◉ゲーム本編[5]・ミーアは自己嫌悪する

 大講堂で大公世子ディオンから誕生パーティの開催を発表された日の夕方。

 ミーアは期待と不安が入り混じった思いを抱えながら、トボトボとロワネスクの街を歩いていた。


 つい三ヶ月ほど前まで孤児院にいたミーア。当然、貴族令嬢としての礼儀作法などはまともに習っていない。

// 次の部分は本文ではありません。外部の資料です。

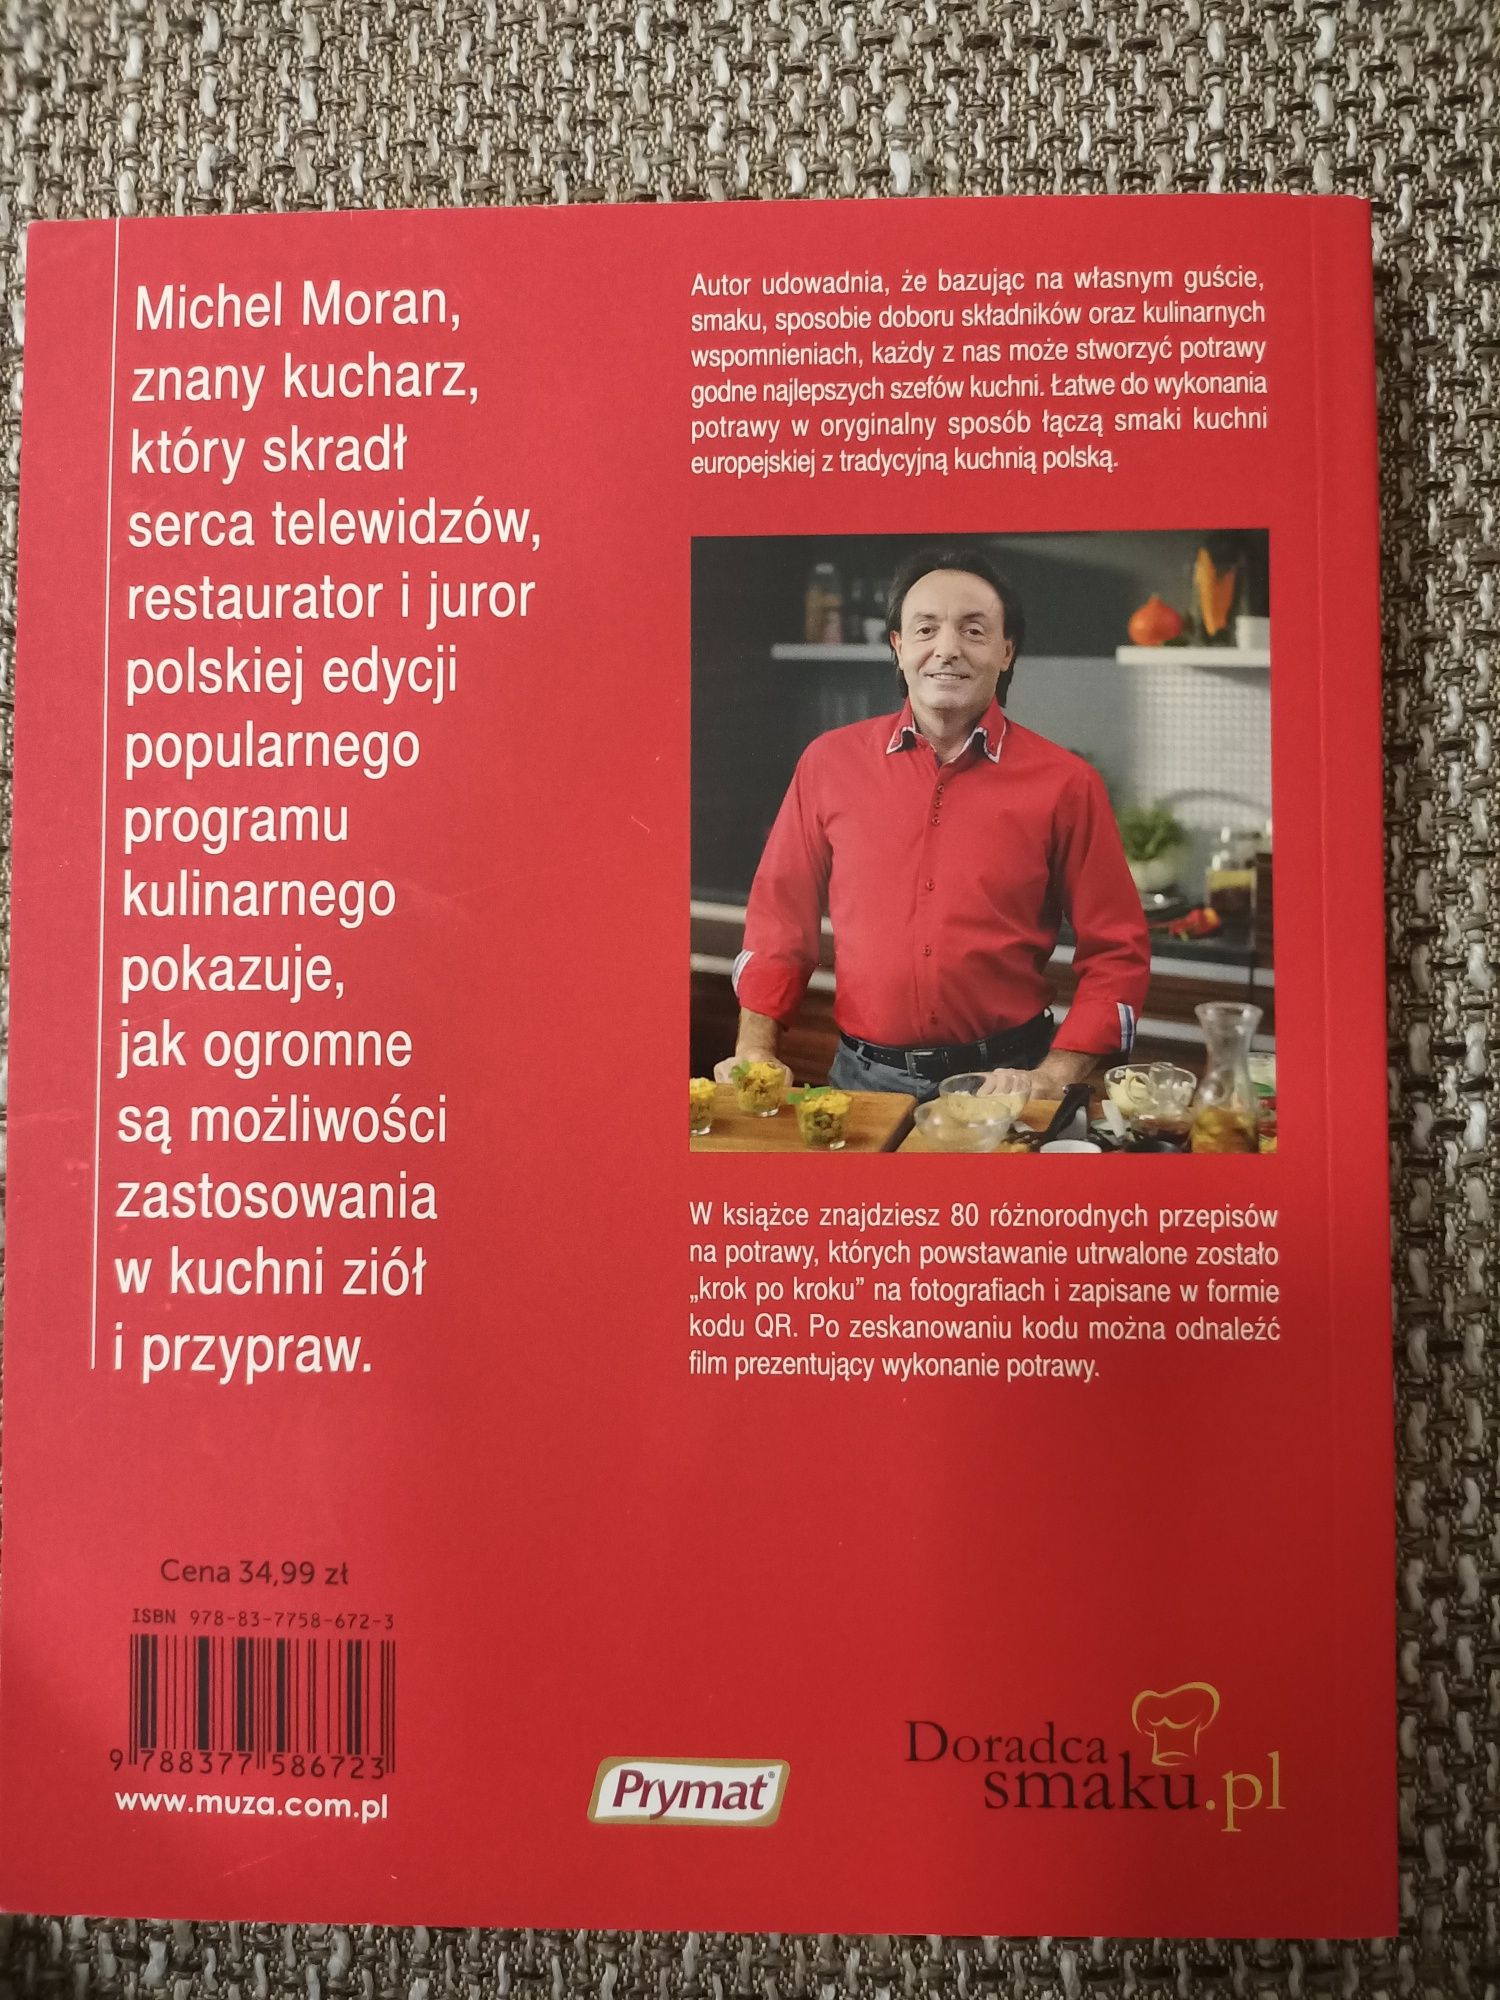 Książka kucharska DORADCA SMAKU.

 レグナンド男爵家に引き取られてから一カ月は城下町での人気取りに行かされており、十分な令嬢教育は受けていなかった。

 その後の一週間は、グレーネ湖の畔にある男爵家別邸で魔導士としての修行。

 そして学院が始まるまでのわずか一週間で付け焼刃的に家庭教師をつけてもらい、最低限の立ち振る舞いを教わっただけである。


 5時間目にあるという、『舞踏・礼儀作法』は間違いなく受けなければならない。そちらは二週間で何としてもクリアすればいい、のだが。


「ドレス……どうしよう?」


 レグナンド男爵はある程度のものをミーアに揃えてやってはいたが、それは孤児院時代のみすぼらしい恰好をさせておくわけにはいかないから、という非常に体面的なもの。

 サイズも色も、とてもではないが彼女の容姿につり合ったものではなく、仮に家にあるドレスでパーティに参加しても笑われるだけであろうことは容易に想像できた。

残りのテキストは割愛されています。